The introduction of crystal defects by cutting the crystal perpendicular to the Y axis, i.e., resulting in two sides with plane defects caused by cutting the edges at two crystal boundaries, increased the overall average mesoscopic forward dissolution rate. Compared to the ideal crystal (semi-infinitive due to PBCs along the Y and Z axes), the cutting of the crystal sides resulted in a spectacular increase in the total mesoscopic forward dissolution rate; the total dissolution time required to fully dissolve the crystal decreased from 1400–2400 s (PBCs along the Y and Z axes) to 3–4.2 s (PBCs along the Z axis). The crystal defects reduced the total (mesoscale) dissolution time due to the (atomistic) contribution of the silicate monomer neighbors with an almost 5000-times higher atomistic forward reaction rate when the cut boundary was introduced (i.e., with one missing silicate monomer neighbor) compared to the ideal crystal.

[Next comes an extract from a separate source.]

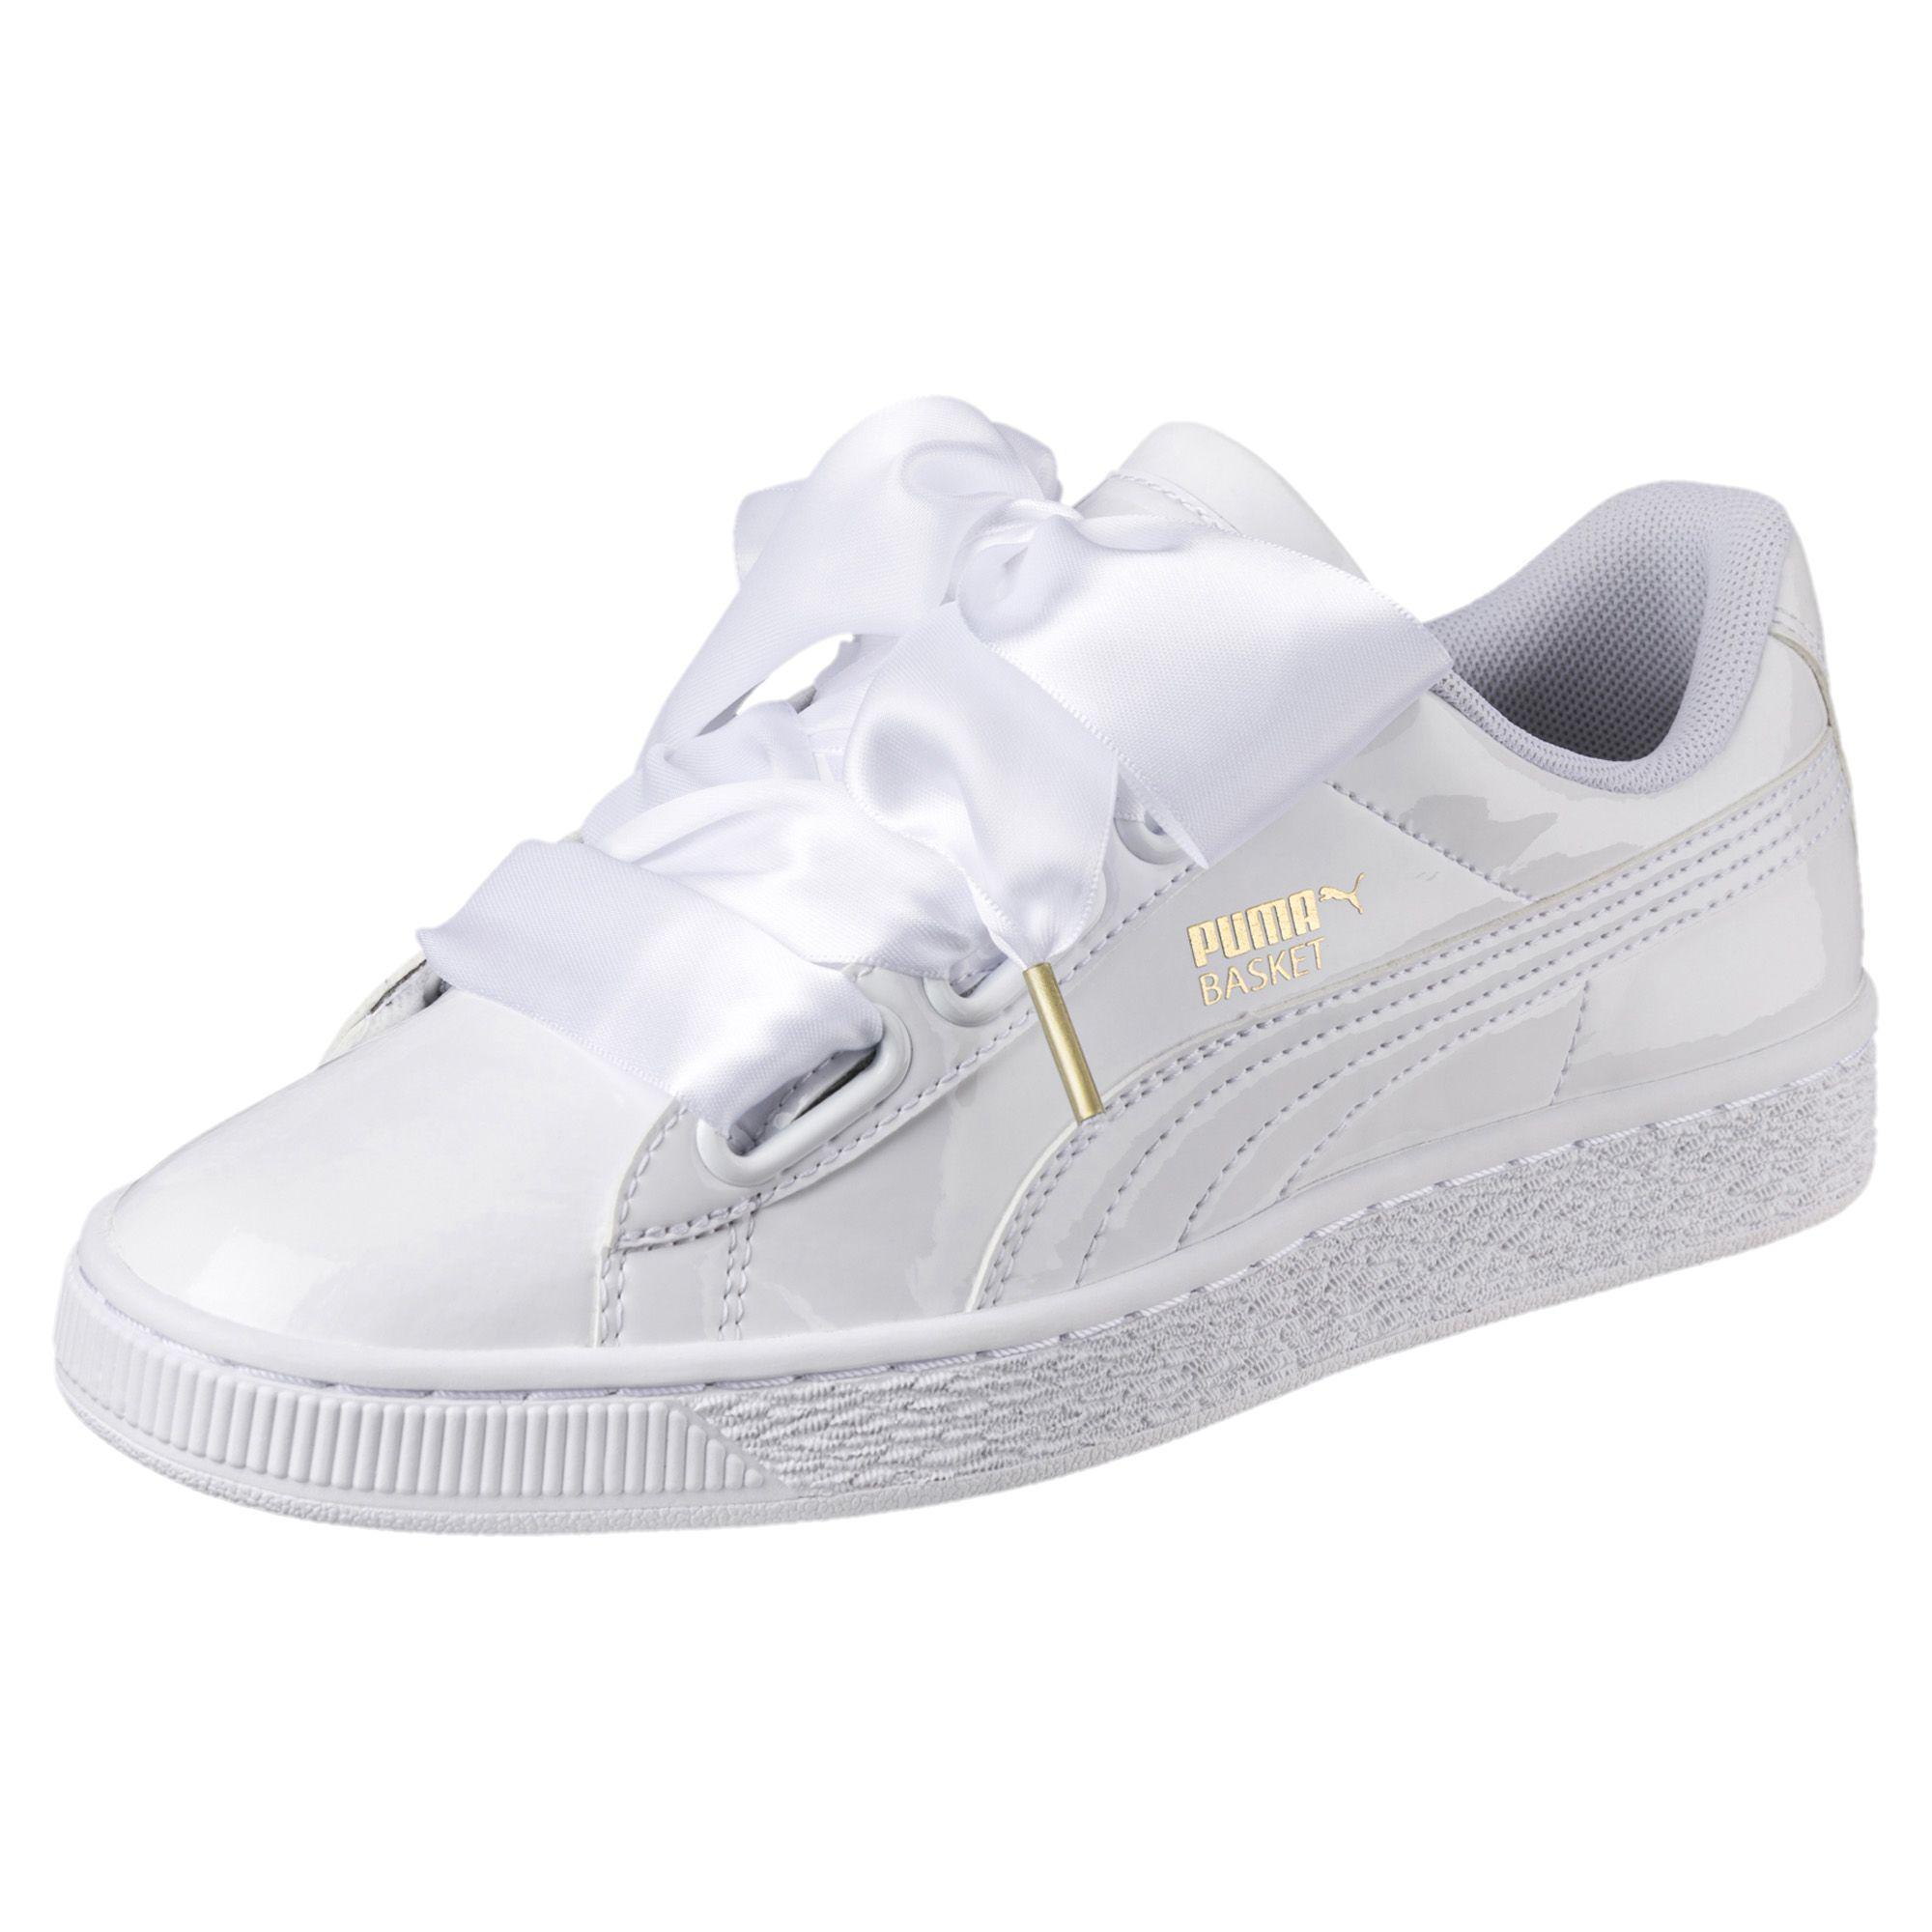 60420b95fbd5 Lyst - PUMA Basket Heart Patent Women s Sneakers in White

The variability in the abovementioned dissolution times for both ideal and defective crystals resulted from the statistical nature of the KMC algorithm, captured by running 10 numerical realizations.

This paper paves the way for the upscaling of atomistic models to study the different dissolution behaviors of the individual facets of belite crystals. Although the obtained results are only a first step, in the long term they could lead to the production of more reactive belites in the manufacture of Portland cement clinker. This would allow the production of lower-energy-consumption and high-performance cements with a reduced CO₂ footprint.